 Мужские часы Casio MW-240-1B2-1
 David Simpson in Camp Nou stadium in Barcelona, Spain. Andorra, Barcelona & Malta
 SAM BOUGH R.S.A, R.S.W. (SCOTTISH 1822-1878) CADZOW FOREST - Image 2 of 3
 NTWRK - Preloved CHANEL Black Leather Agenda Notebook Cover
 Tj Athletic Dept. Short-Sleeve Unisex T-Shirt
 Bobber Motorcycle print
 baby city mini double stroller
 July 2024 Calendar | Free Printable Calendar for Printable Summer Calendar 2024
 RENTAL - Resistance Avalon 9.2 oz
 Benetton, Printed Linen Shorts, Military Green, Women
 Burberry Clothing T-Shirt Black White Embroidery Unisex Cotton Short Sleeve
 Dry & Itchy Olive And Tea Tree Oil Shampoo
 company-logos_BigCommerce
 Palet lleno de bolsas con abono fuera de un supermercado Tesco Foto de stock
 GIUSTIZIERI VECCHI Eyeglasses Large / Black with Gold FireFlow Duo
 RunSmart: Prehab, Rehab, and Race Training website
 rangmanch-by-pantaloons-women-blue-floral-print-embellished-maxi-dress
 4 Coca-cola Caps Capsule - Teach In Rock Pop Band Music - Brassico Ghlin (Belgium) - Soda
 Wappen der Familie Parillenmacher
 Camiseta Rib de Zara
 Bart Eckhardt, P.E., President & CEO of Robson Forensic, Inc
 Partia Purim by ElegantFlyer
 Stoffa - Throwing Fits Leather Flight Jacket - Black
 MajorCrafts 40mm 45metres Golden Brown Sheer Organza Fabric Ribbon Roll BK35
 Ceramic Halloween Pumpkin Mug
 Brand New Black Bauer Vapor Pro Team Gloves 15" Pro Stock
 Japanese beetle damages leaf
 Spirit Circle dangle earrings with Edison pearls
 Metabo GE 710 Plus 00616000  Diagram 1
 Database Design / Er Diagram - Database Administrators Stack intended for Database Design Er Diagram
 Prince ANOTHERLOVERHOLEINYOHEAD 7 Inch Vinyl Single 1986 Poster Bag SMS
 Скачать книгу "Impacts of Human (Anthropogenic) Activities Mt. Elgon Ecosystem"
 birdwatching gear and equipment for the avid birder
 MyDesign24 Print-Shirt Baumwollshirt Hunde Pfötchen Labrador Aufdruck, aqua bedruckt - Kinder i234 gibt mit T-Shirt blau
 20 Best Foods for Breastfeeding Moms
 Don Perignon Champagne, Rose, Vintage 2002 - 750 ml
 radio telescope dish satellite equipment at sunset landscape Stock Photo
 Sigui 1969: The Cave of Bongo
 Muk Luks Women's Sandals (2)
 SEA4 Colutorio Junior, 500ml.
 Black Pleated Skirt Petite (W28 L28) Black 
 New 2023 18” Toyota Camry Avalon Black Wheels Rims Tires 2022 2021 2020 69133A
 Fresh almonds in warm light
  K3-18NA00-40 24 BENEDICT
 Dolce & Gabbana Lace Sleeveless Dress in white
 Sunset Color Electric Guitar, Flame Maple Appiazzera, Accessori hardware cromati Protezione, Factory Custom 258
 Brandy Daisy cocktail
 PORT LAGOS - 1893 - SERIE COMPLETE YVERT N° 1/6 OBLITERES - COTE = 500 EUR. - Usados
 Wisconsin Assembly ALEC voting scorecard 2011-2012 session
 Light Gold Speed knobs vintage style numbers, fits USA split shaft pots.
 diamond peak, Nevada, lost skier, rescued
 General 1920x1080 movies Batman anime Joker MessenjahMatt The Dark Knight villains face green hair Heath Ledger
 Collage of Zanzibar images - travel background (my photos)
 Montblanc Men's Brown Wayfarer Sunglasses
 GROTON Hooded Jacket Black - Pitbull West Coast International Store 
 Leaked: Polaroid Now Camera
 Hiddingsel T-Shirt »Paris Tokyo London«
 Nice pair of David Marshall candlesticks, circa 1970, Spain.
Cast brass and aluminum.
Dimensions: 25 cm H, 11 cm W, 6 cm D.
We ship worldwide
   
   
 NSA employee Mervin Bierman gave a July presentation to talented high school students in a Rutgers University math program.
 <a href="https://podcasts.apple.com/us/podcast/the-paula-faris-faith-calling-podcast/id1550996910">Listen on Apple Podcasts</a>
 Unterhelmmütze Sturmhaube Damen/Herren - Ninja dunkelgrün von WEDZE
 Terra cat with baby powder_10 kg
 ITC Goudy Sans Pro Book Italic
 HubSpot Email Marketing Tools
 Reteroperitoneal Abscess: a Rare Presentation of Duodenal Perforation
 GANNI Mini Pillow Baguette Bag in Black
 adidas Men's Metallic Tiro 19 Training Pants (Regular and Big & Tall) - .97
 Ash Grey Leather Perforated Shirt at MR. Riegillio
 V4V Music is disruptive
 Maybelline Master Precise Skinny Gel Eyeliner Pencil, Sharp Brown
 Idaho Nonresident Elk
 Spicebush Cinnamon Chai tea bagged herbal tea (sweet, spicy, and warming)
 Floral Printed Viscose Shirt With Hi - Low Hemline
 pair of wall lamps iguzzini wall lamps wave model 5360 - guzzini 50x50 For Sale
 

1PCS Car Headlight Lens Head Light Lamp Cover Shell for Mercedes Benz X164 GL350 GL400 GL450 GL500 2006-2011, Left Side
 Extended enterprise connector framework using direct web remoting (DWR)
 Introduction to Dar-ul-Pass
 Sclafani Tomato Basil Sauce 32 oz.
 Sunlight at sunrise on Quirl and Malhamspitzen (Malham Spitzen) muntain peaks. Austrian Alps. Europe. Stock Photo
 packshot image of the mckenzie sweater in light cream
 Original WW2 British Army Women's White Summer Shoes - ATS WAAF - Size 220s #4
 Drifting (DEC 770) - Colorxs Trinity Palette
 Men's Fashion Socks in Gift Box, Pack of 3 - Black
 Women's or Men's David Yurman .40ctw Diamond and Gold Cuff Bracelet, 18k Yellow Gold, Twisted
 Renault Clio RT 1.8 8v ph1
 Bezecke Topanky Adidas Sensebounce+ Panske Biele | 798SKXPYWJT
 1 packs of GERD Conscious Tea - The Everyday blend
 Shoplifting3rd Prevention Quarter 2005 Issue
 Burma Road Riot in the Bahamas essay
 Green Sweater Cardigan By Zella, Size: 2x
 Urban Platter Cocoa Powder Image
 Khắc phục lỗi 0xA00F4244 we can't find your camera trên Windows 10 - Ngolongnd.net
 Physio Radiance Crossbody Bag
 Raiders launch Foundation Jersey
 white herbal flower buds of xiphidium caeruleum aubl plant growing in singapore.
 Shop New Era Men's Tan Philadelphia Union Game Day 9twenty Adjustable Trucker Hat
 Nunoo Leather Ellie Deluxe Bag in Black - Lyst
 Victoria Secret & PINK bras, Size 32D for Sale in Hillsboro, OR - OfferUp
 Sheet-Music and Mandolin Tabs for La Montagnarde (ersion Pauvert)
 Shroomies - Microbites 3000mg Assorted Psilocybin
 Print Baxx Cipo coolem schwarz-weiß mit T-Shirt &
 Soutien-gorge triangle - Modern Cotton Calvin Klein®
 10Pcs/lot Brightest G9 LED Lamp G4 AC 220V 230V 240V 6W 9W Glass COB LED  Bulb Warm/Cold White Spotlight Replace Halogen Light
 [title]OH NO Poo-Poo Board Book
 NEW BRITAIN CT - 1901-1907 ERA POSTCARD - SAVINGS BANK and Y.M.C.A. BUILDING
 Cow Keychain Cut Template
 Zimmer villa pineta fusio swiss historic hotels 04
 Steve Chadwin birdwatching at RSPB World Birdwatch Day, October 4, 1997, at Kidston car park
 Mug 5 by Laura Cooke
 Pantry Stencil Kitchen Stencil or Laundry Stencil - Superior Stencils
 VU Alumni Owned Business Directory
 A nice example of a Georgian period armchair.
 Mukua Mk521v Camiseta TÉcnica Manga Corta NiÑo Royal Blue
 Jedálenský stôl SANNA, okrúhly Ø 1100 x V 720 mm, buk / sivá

===

WHAT IS REQUIRED
Output, from the data above, the lines from the line with "Bobber Motorcycle print" to the line with "Benetton, Printed Linen" exactly as they stand, both ends included and nothing else.

YOUR RESPONSE
 Bobber Motorcycle print
 baby city mini double stroller
 July 2024 Calendar | Free Printable Calendar for Printable Summer Calendar 2024
 RENTAL - Resistance Avalon 9.2 oz
 Benetton, Printed Linen Shorts, Military Green, Women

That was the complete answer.